Well - I got a shout back on that letter I sent to my exboyfriend (Recent). He said he would be "FRIENDS - for what that is is worth." fuck that! I don't want to look at his ugly face. He made me the way I am right now. I might just let him know that via email back. He made me see the light of this world and being cruel is the way to go. The way to be in my life and the way to make things happen is the crush other people. No cares about you as a person only what you can give them. There is no investment in the heart anymore. That is why the divorce rates are so high - once the other fails somehow the other leaves. That is the name of the game - be perfect or lose. Perfect body, mind and soul. I have been trying to be perfect for years for everyone and everything, because I was not perfect in body - I had to be absolute in mind and soul. If I failed people would make fun of me over and over again. Drawing attention to my failure and loss. Telling me to get over it quickly and that has taken its toll. I got over losing my husband (ex to be) in less then three weeks because there wasn't anyone here to talk to about it and no one wanted to listen to it with out saying get over it and move on. This is a good thing or what ever. The same thing has happen all of my life so I have stopped feeling things completely and totally. I have never really gotten over anything because I carry it with me instead of letting my self feel it and then shead it over time. There is no time to feel or shead in my life. They are all knives in my heart and now I am going to place the same pain in other peoples hearts and souls.
No I am not going to be some crazy nut and do something stupied - which if I was reading these I would think...No way - I don't want that. I just want to hand back what was given to me to others. The looks and the speech. Nothing more. Not going to physically hurt anyone or anything. I am not that cruel but the words I will say will be just like being hurt that way. I was not expecting the pain handed to me by others and they will not expect this from me.

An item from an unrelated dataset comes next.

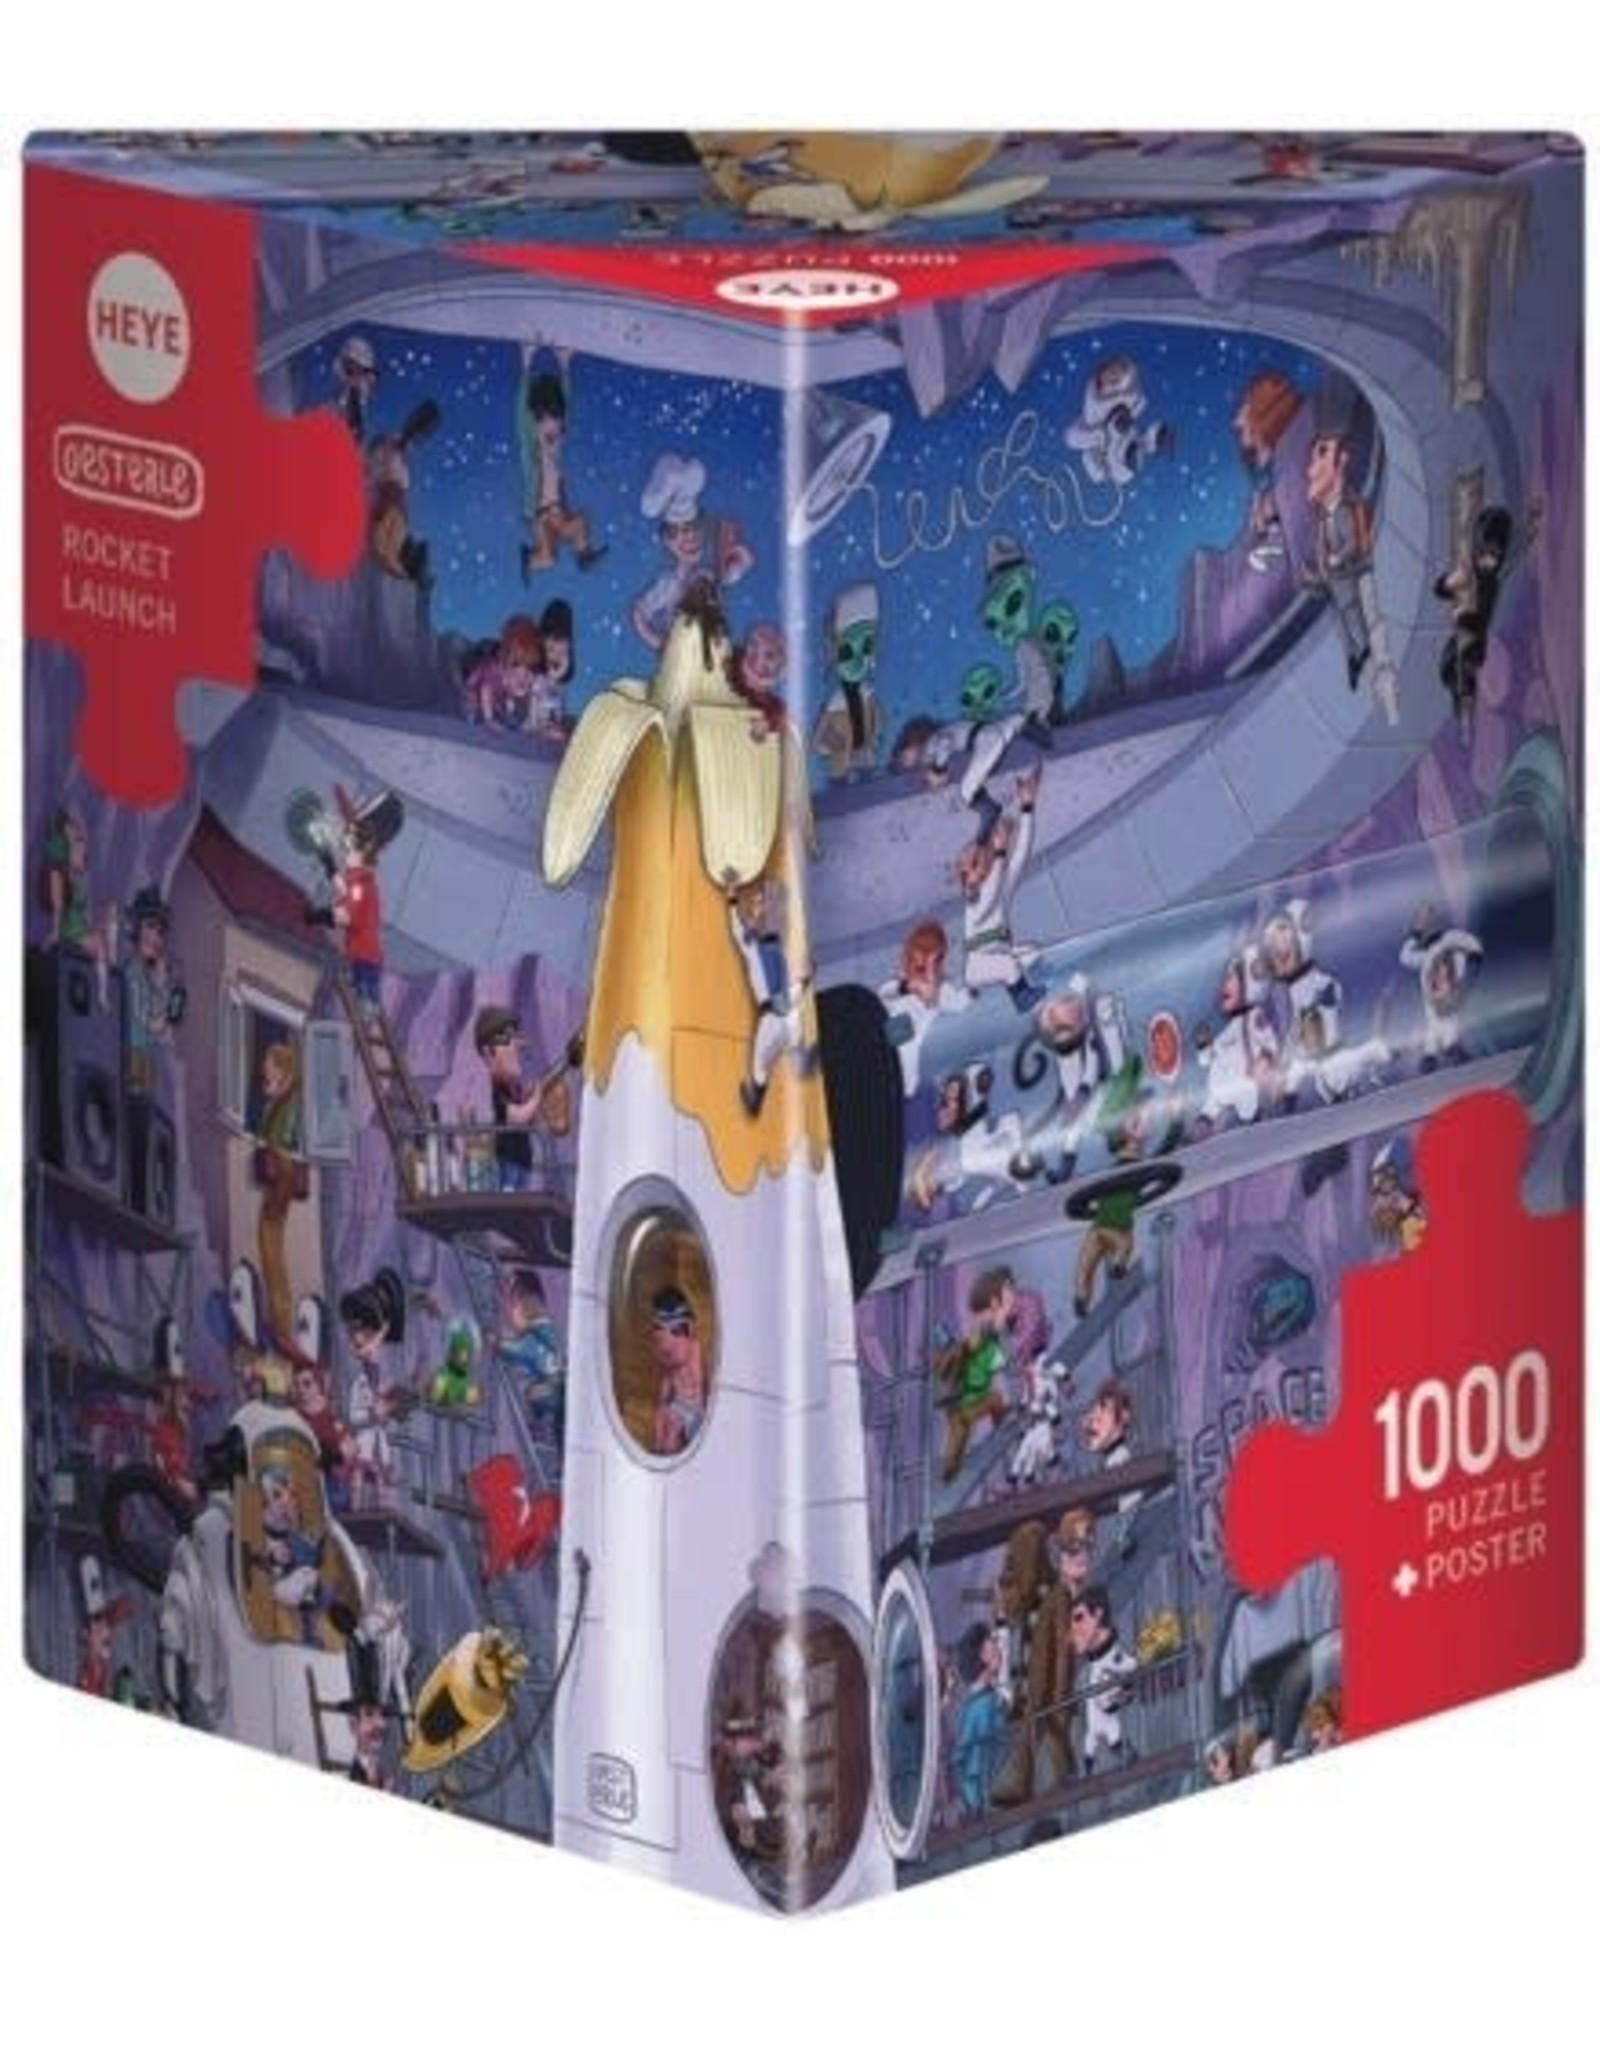 """Heye Puzzel """"Rocket Launch"""" 1000 stukjes"""

I don't think I will date again because now I really can't trust anyone and with the rage I feel - in turn - I really don't want to hurt anyone because it would hurt me more then you will ever now. I just have stopped talking to people in general and that is a good thing but if you screw with me I will slap you back with words. I am done being the nice person and not I am going to be the person others created. The evil is screaming out and I no longer want to hold it in. I am raging against the night.